Top of DATA BELOW
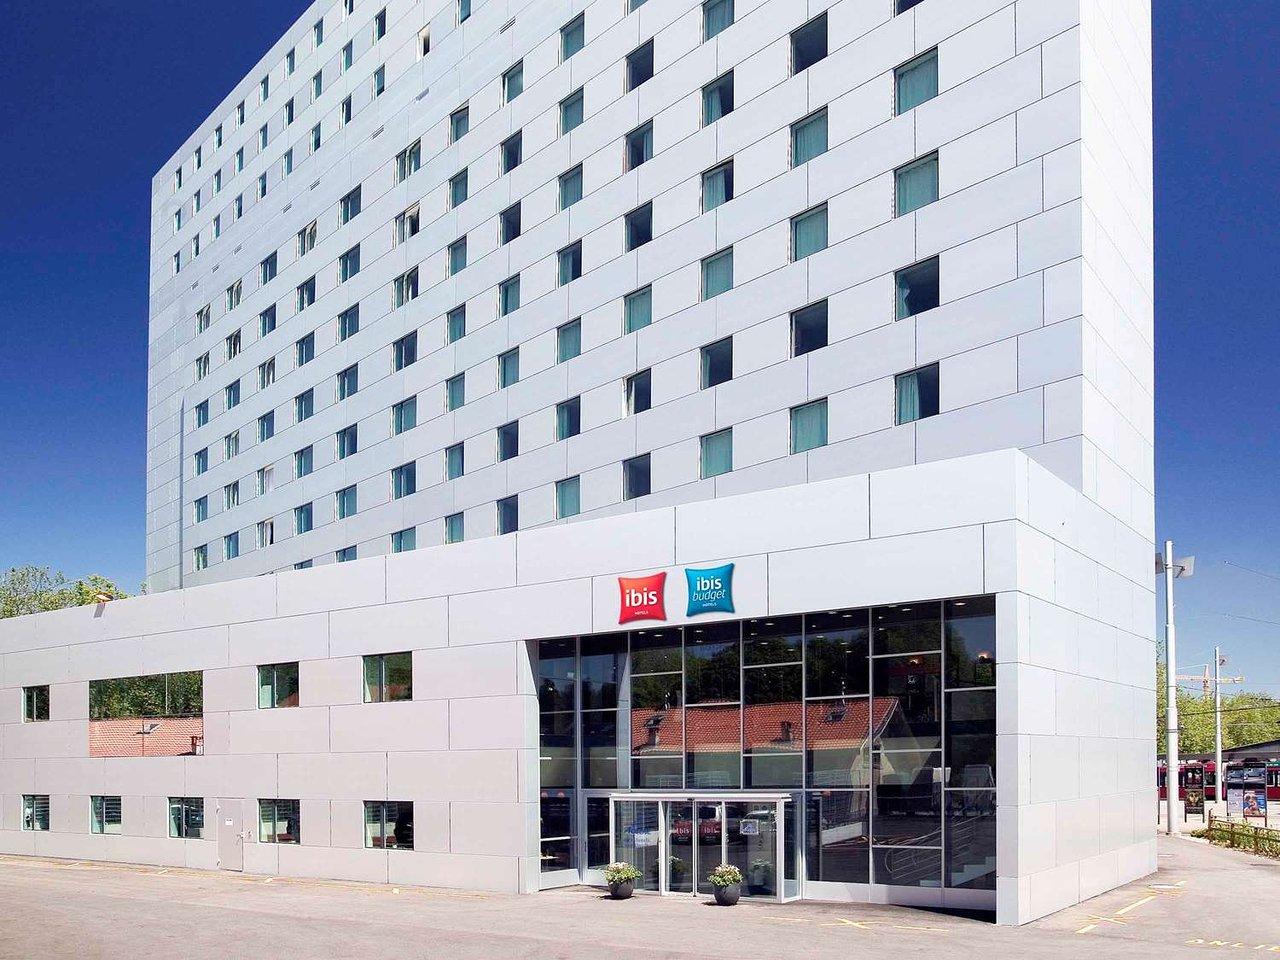 ibis budget bern expo 88 1 1 2 updated 2019 prices hotel rh tripadvisor com
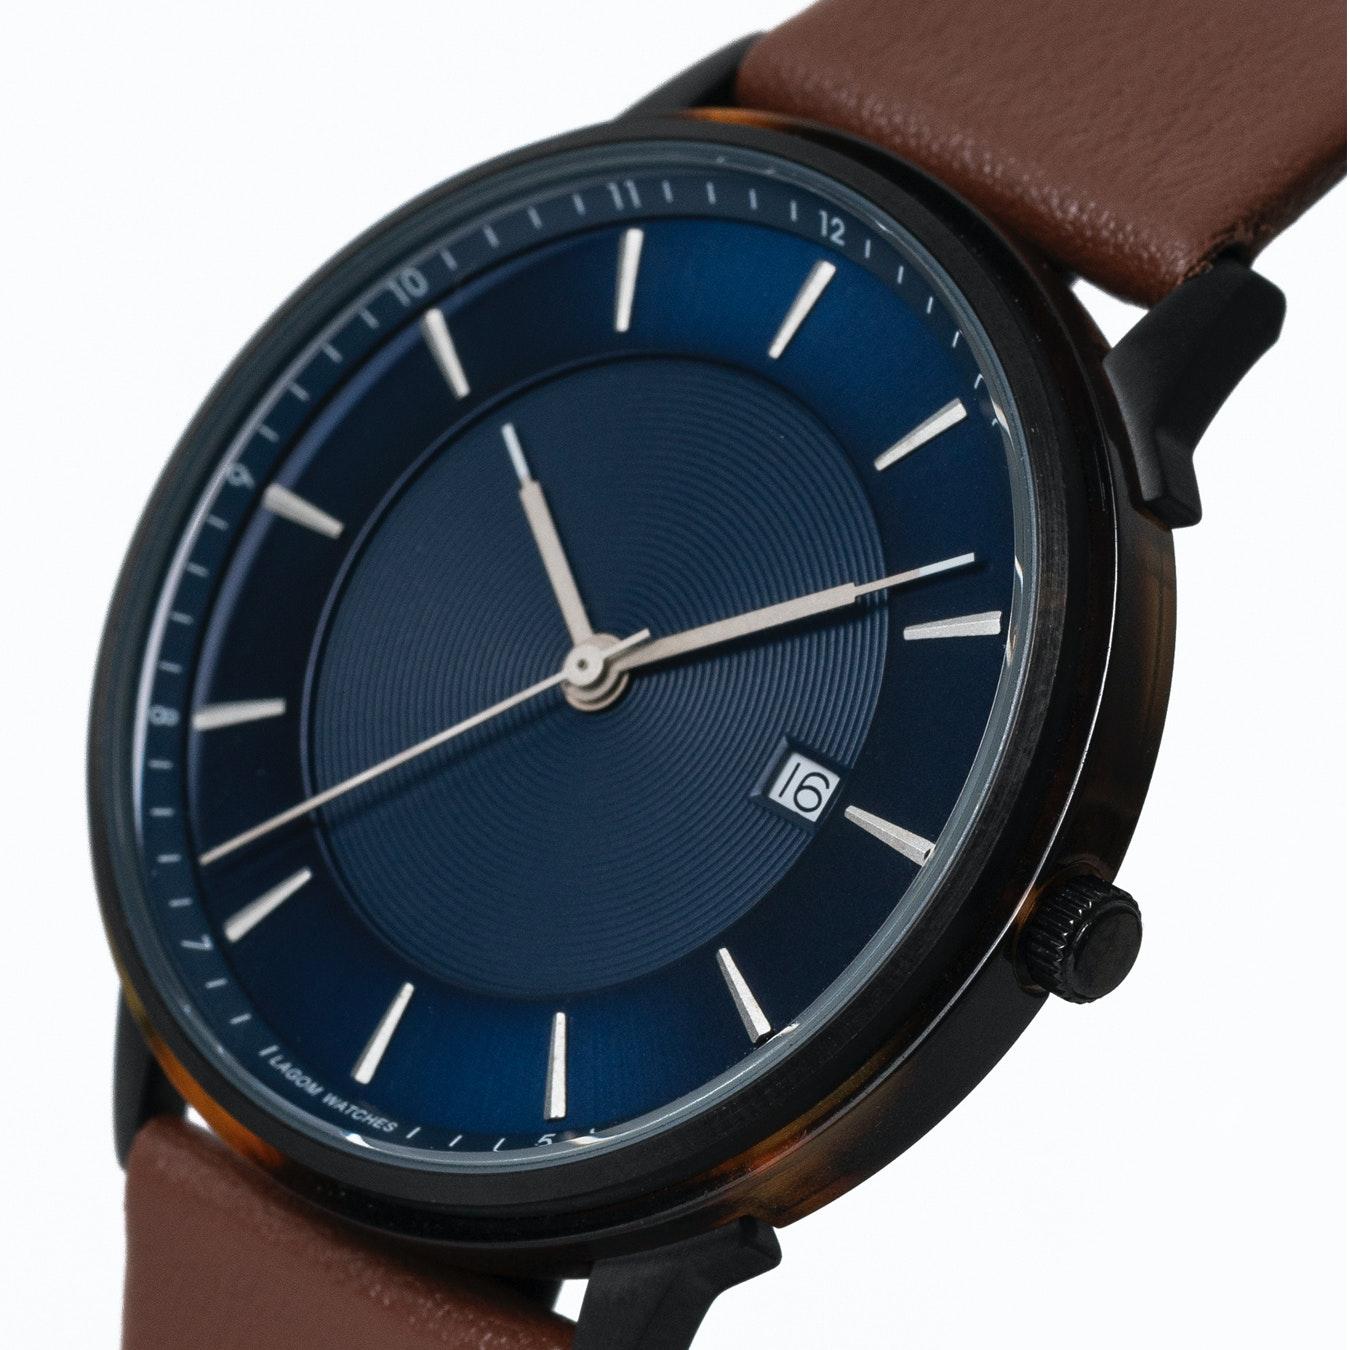 Borja Black Watch In Dark Blue Face Brown Leather Strap
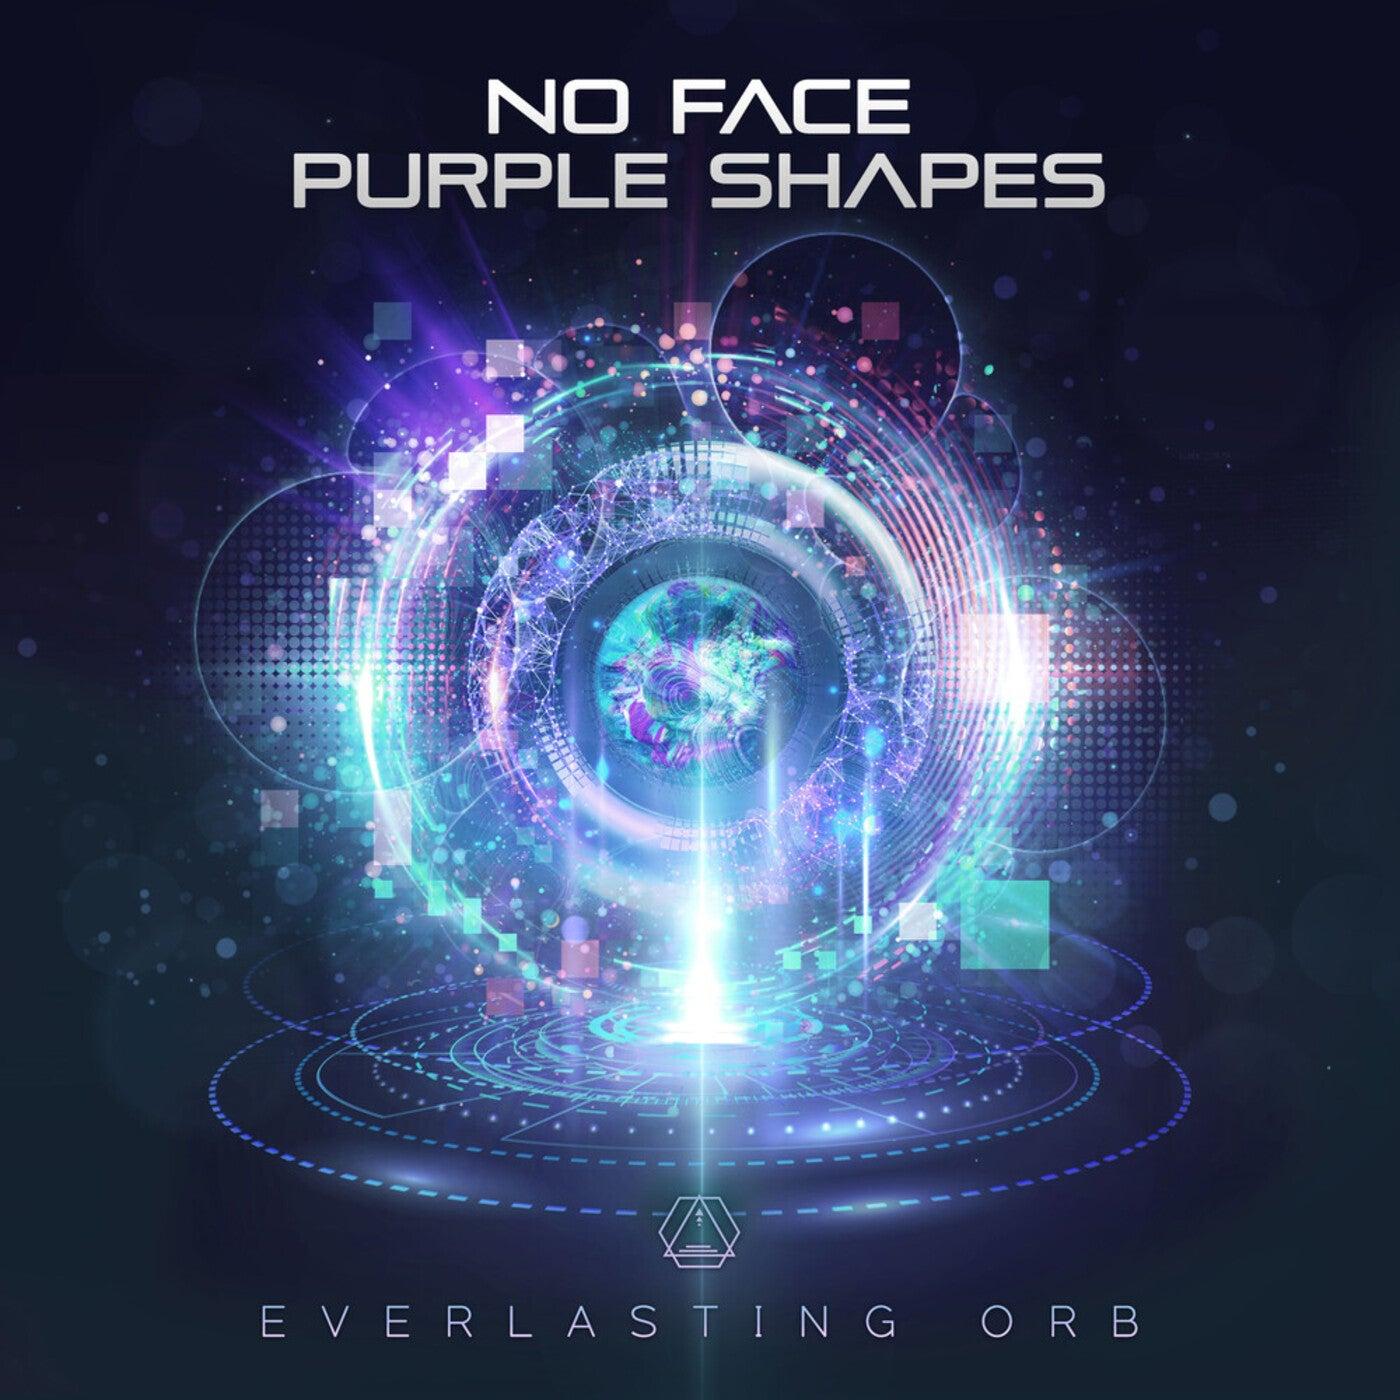 Everlasting Orb (Original Mix)
Bottom of DATA BELOW
[AIM OF THE TASK]: Could you write out the whole listing exactly, dropping the pictures?

[ANSWER SPACE]:
 ibis budget bern expo 88 1 1 2 updated 2019 prices hotel rh tripadvisor com
 Borja Black Watch In Dark Blue Face Brown Leather Strap
 Everlasting Orb (Original Mix)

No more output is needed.